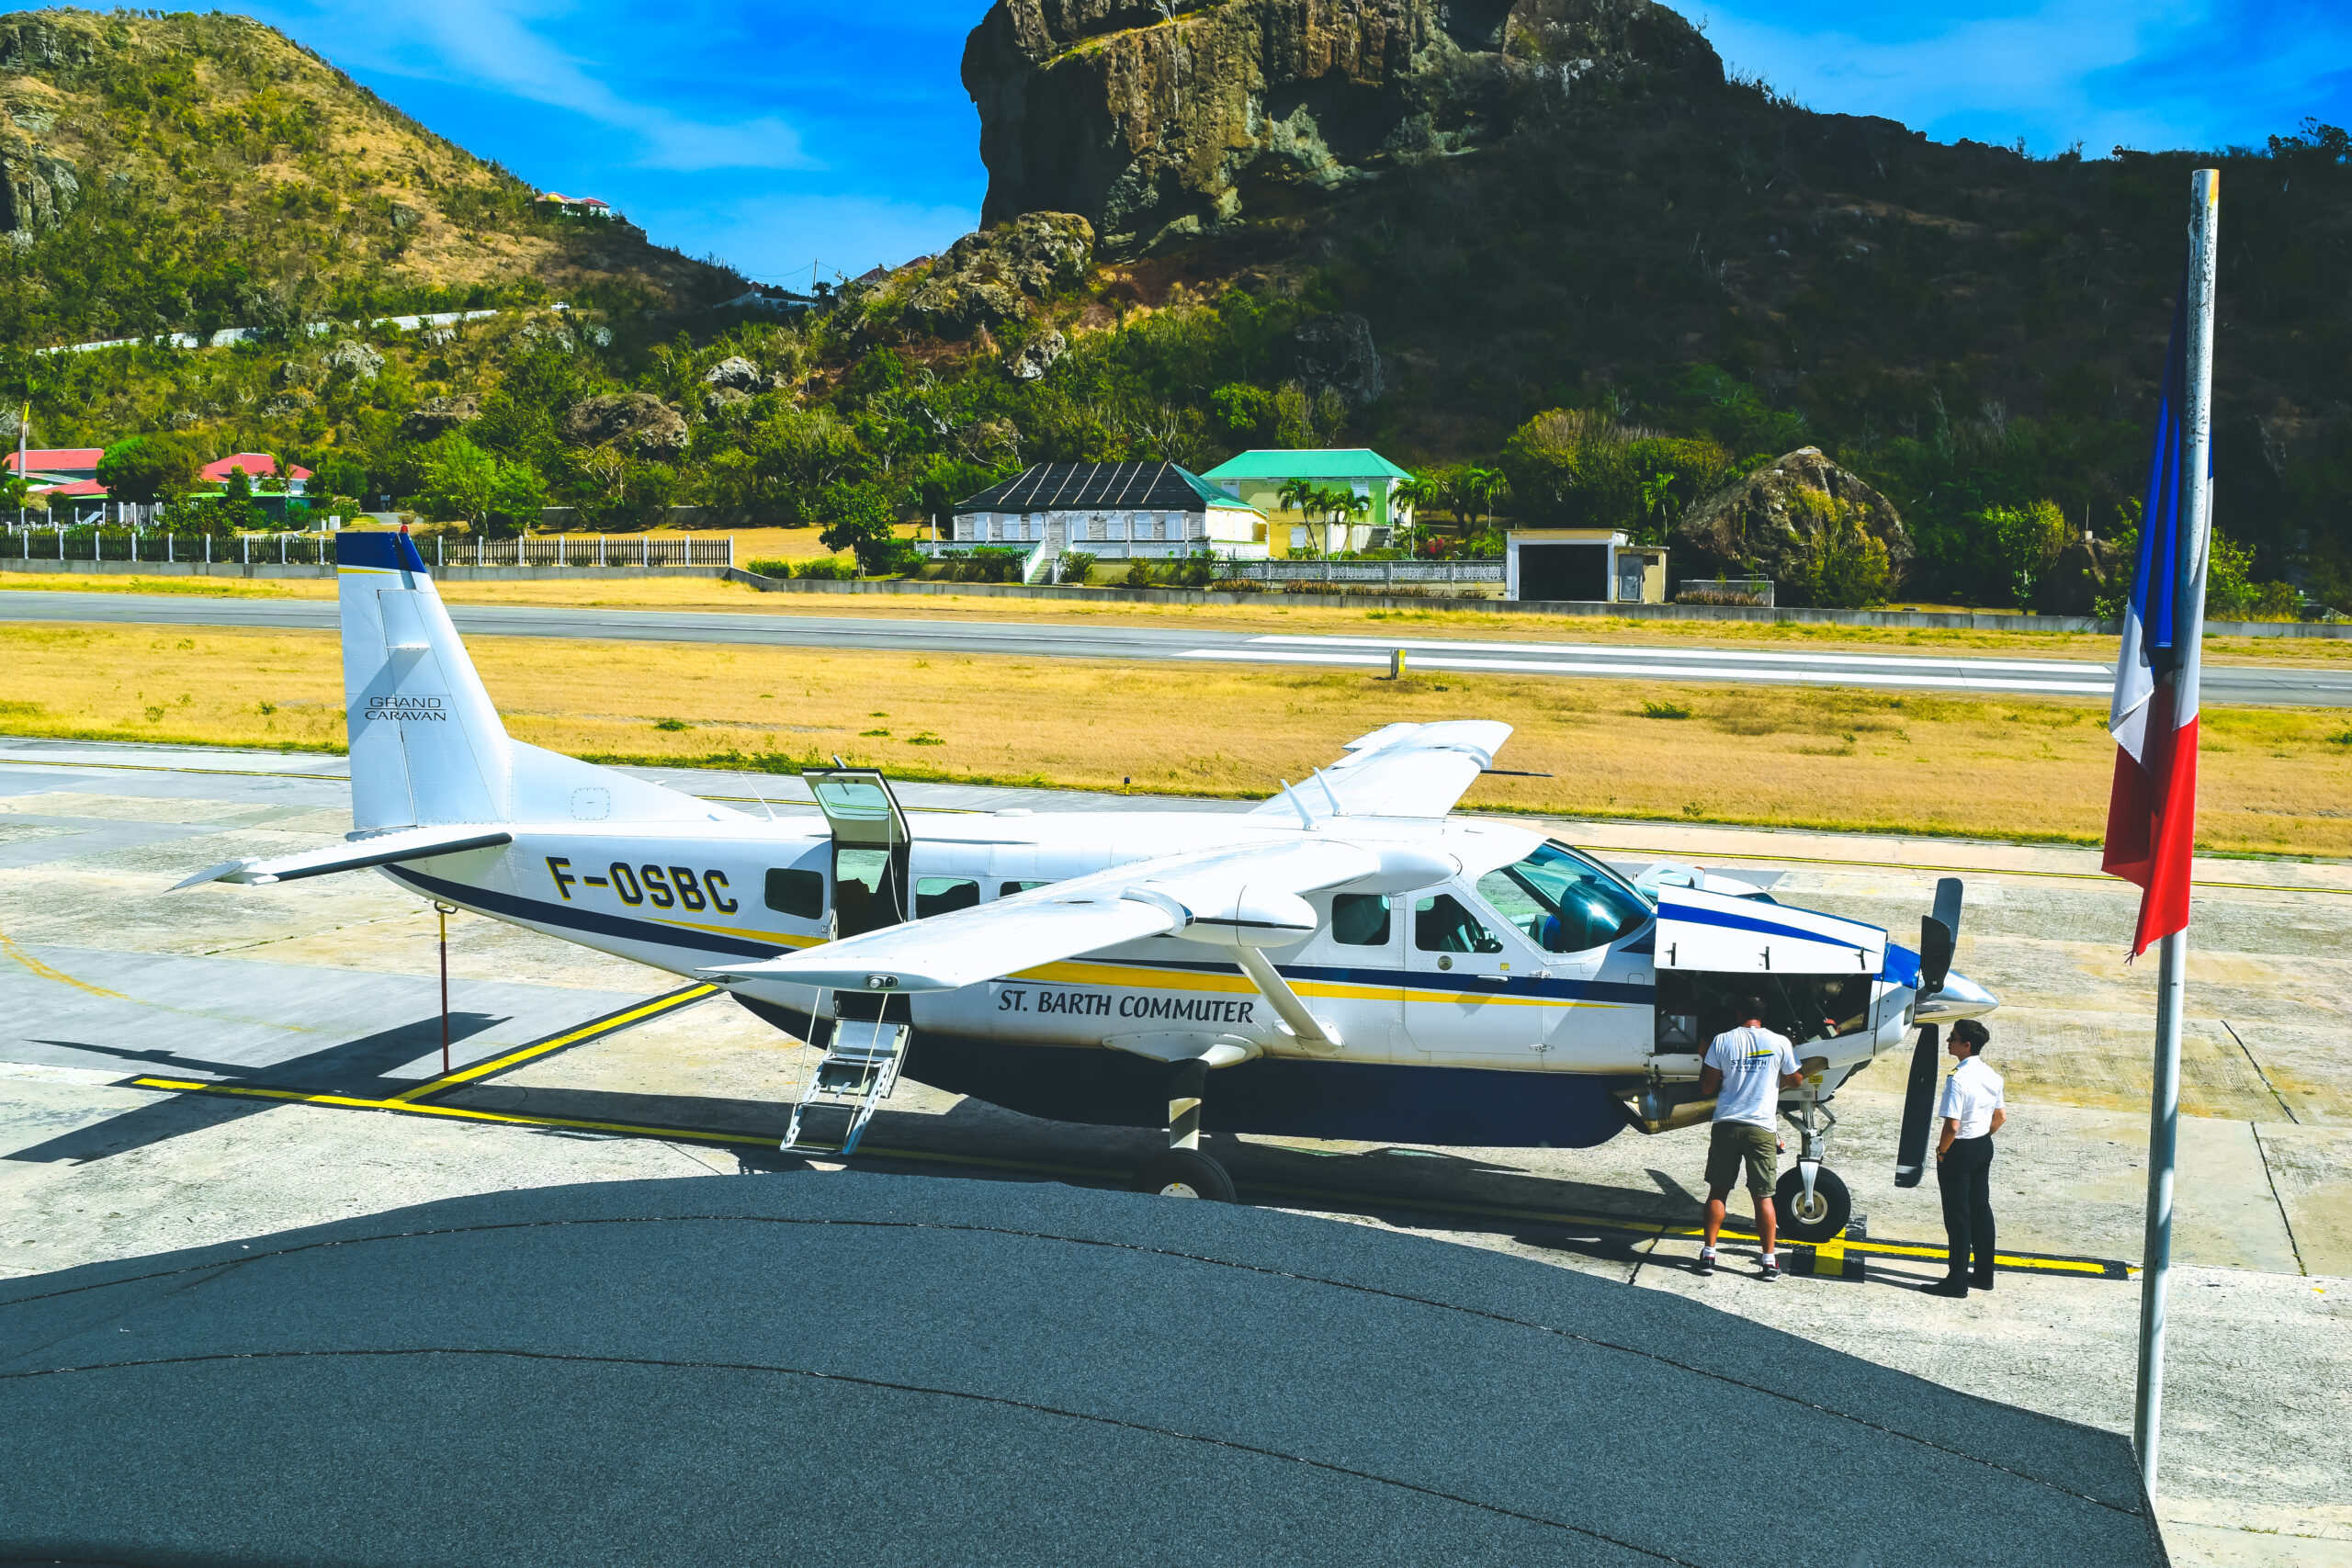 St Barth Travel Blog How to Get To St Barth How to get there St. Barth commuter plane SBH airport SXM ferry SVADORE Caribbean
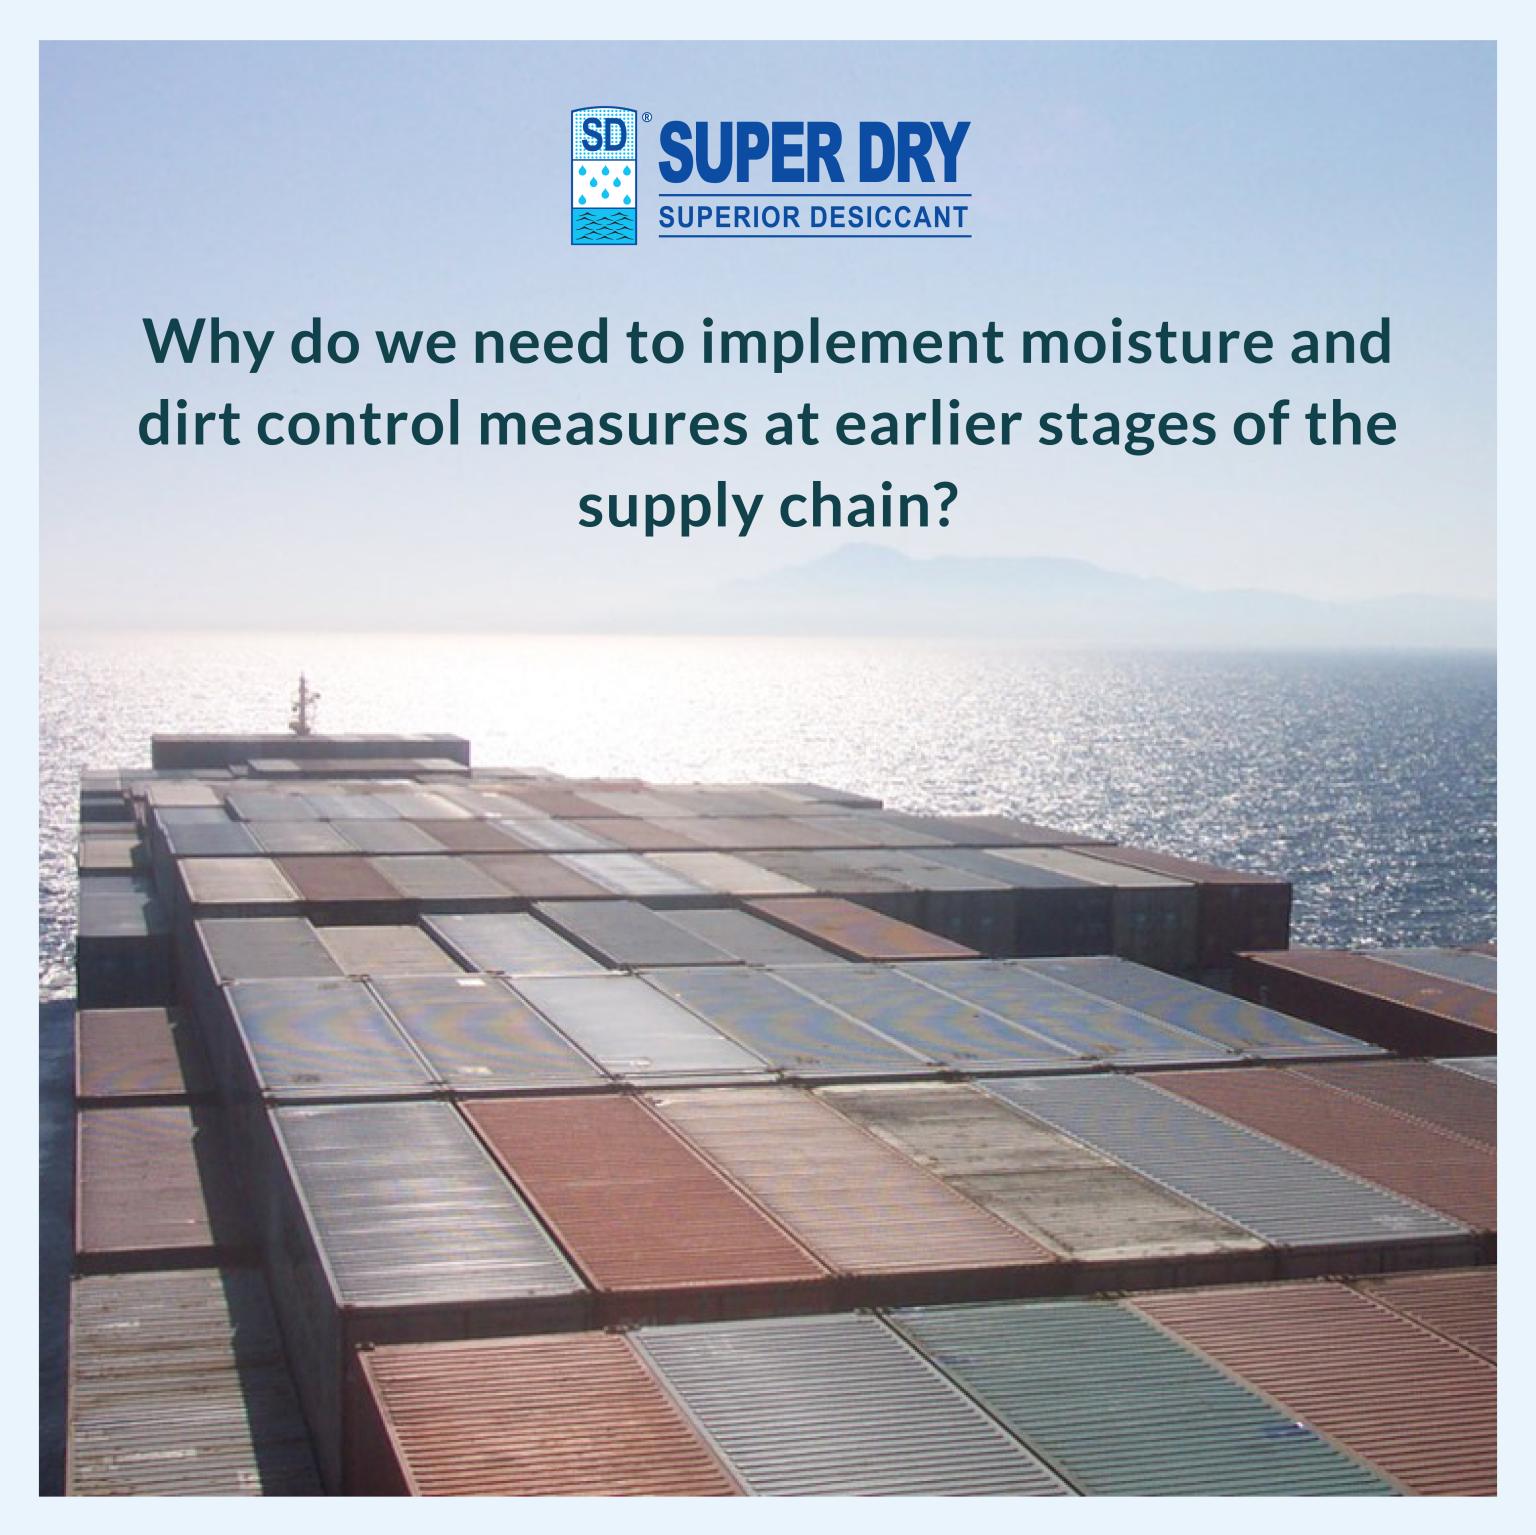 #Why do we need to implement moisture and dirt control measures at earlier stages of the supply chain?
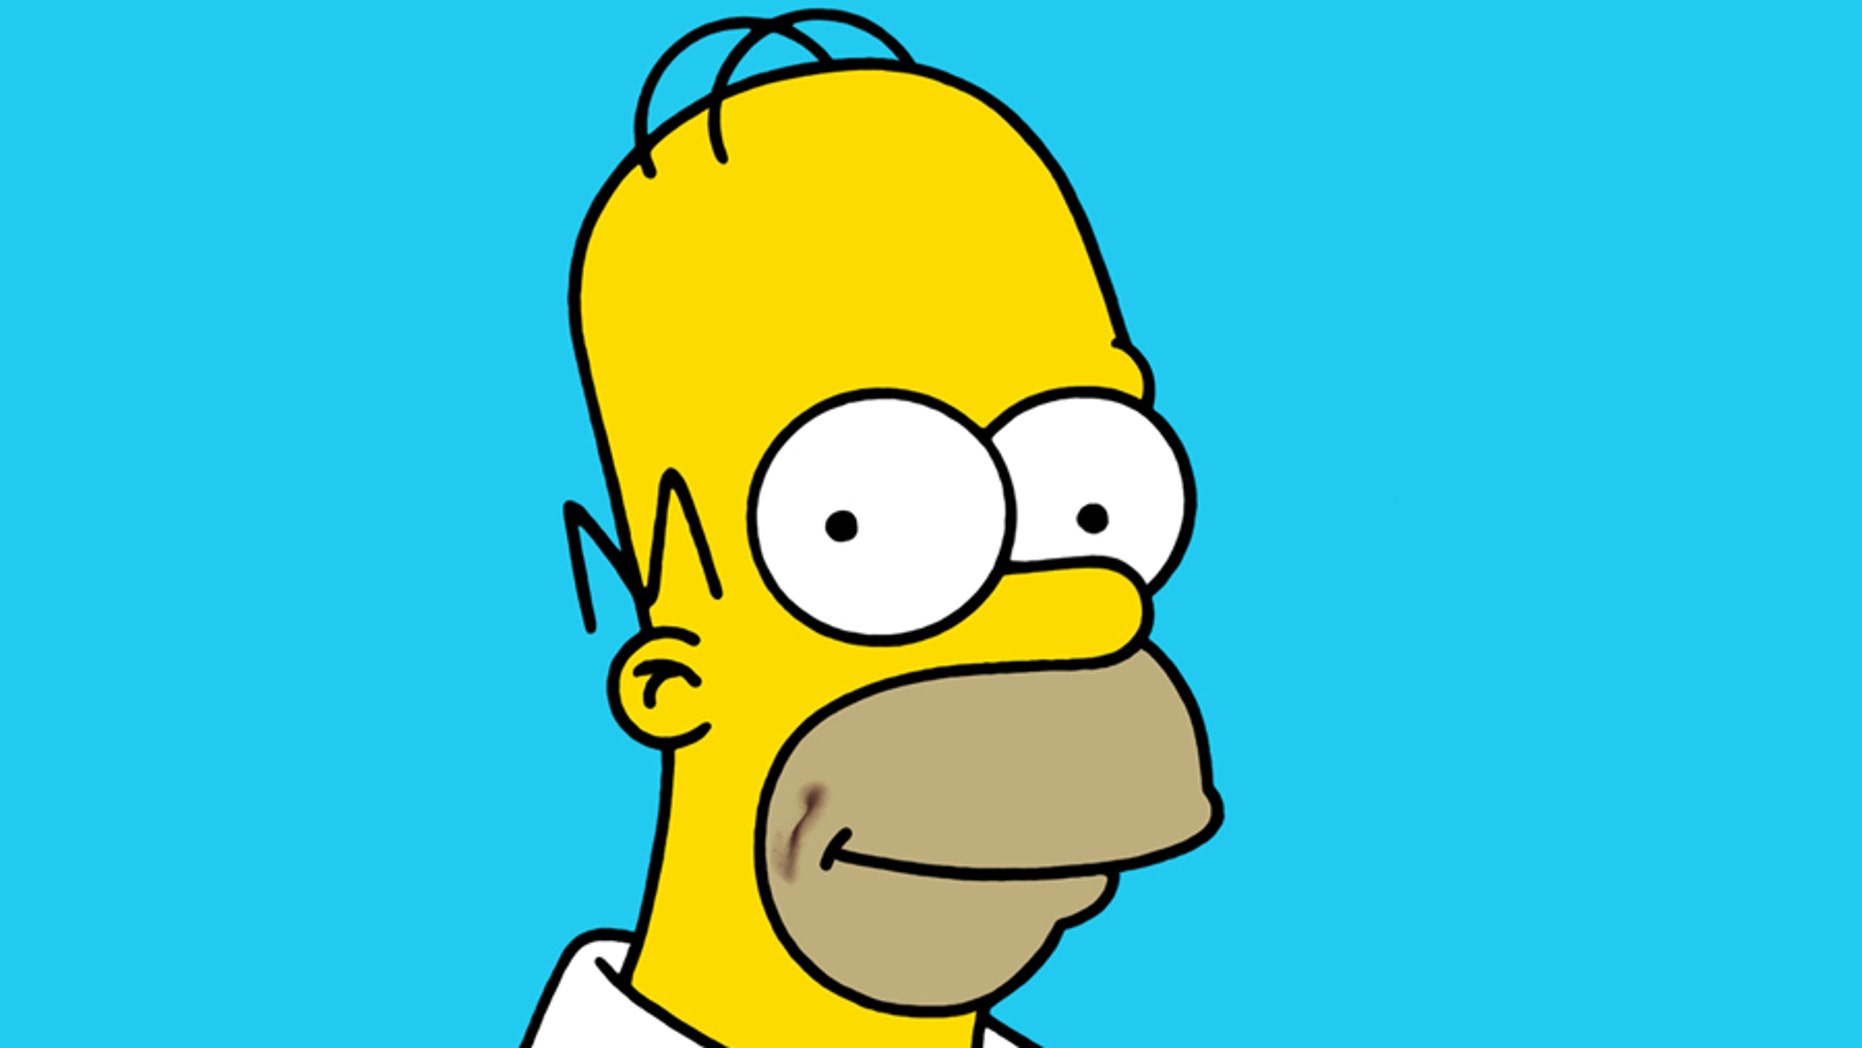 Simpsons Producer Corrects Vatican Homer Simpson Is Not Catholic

════════════════════

## Required work
Reproduce the material above exactly but drop all images.

## Task solution
 St Barth Travel Blog How to Get To St Barth How to get there St. Barth commuter plane SBH airport SXM ferry SVADORE Caribbean
 #Why do we need to implement moisture and dirt control measures at earlier stages of the supply chain?
 Simpsons Producer Corrects Vatican Homer Simpson Is Not Catholic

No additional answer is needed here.